====== Dataset content
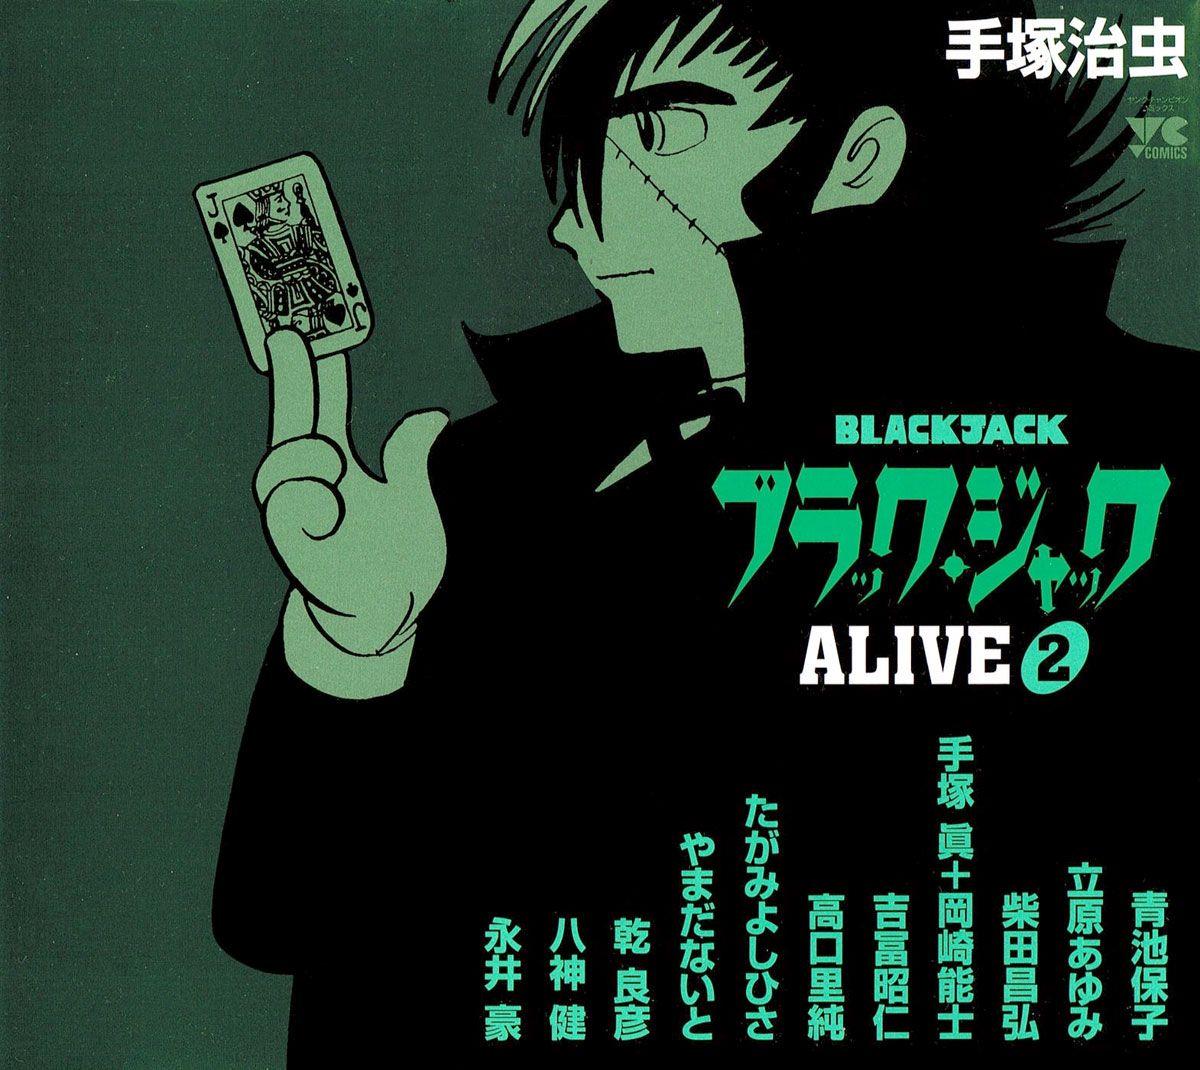 Black Jack Alive - episode 1 - 1
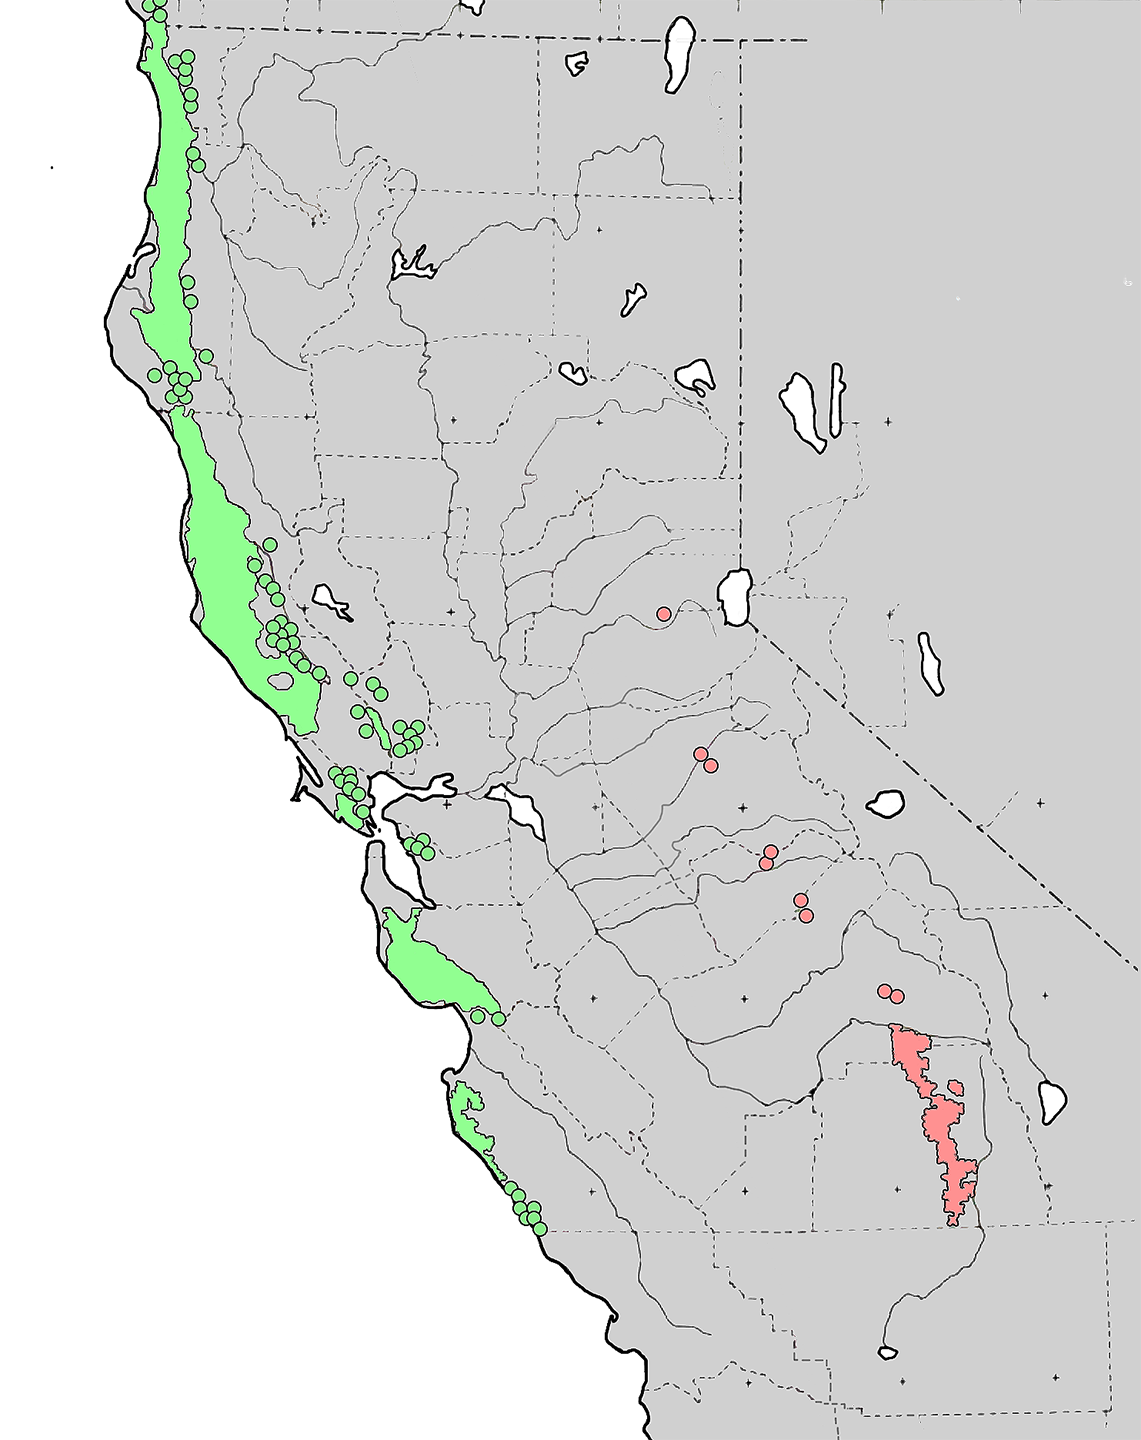 Ареал секвойядендрона гигантского. Ареал секвойи вечнозеленой. Дерево Секвойя на карте Северной Америки. Ареал произрастания секвойи на карте. Секвойя природная зона северной америки
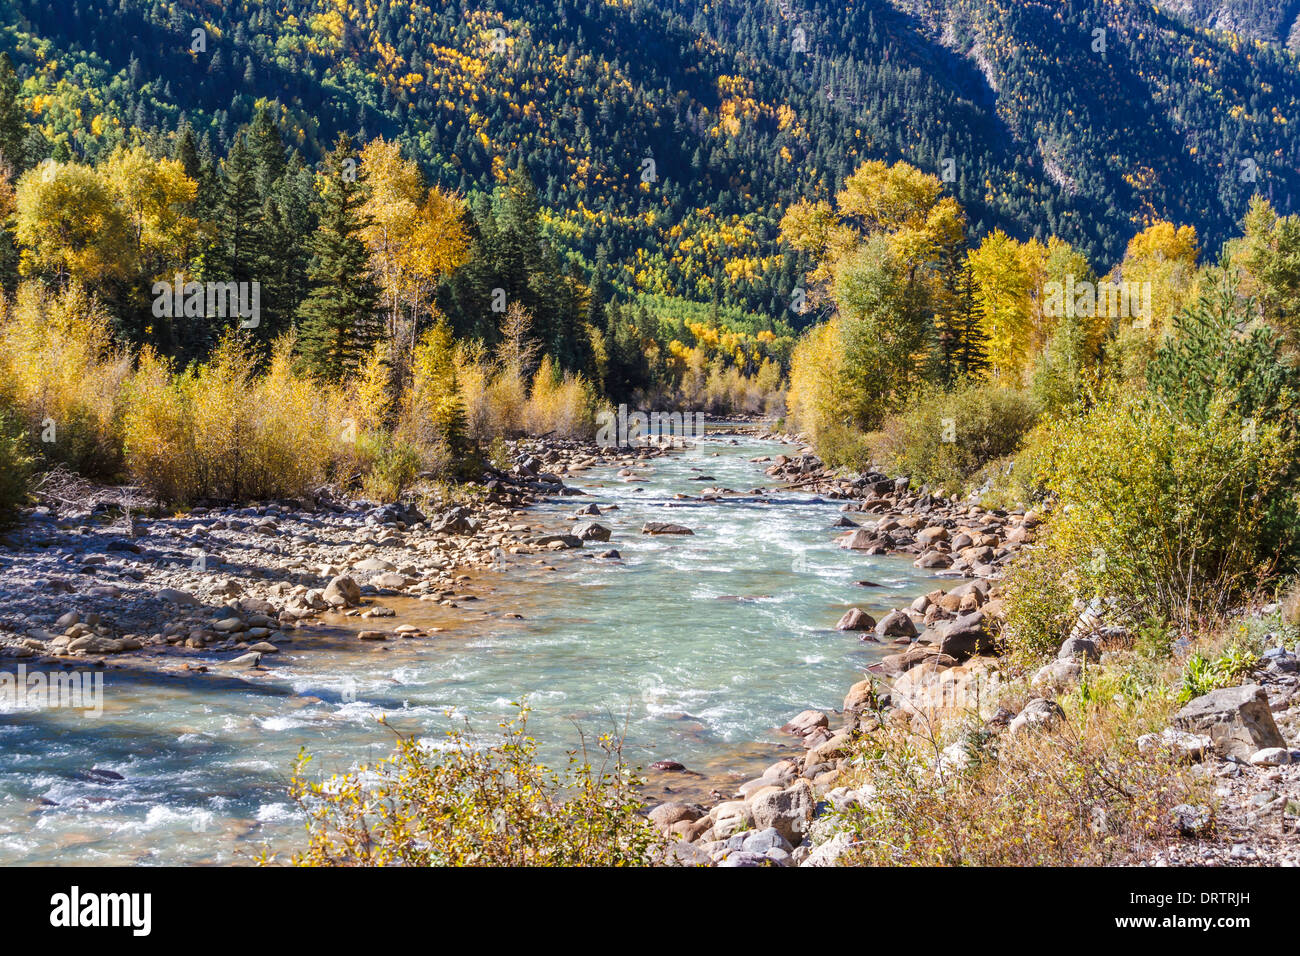 The Animas River in autumn, in the 'San Juan Mountains' of Southwestern Colorado. Stock Photo
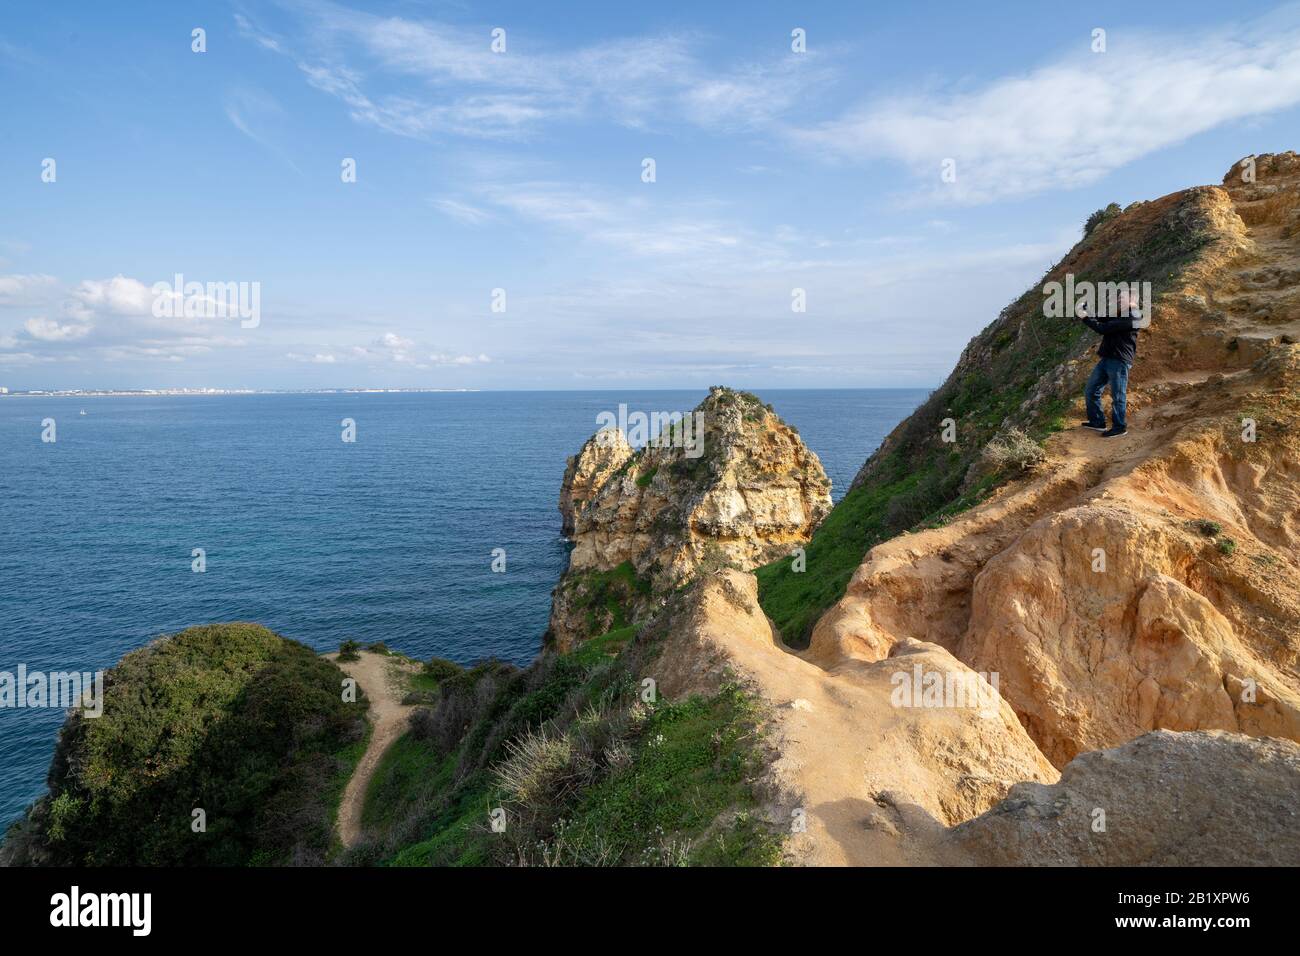 Lagos, Portugal - 22. Januar 2020: Thrillseeker Tourist man fotografiert mit einem Telefon auf einer sehr steilen Felswand an der Algarve, mit malerischen Aussichten Stockfoto
============
→ **Task instructions**:
Once the line with "The Animas River" is found, write out that line and every later line of the listing above exactly, through the last one, and skip any pictures.

→ **Response area**:
 The Animas River in autumn, in the 'San Juan Mountains' of Southwestern Colorado. Stock Photo
 Lagos, Portugal - 22. Januar 2020: Thrillseeker Tourist man fotografiert mit einem Telefon auf einer sehr steilen Felswand an der Algarve, mit malerischen Aussichten Stockfoto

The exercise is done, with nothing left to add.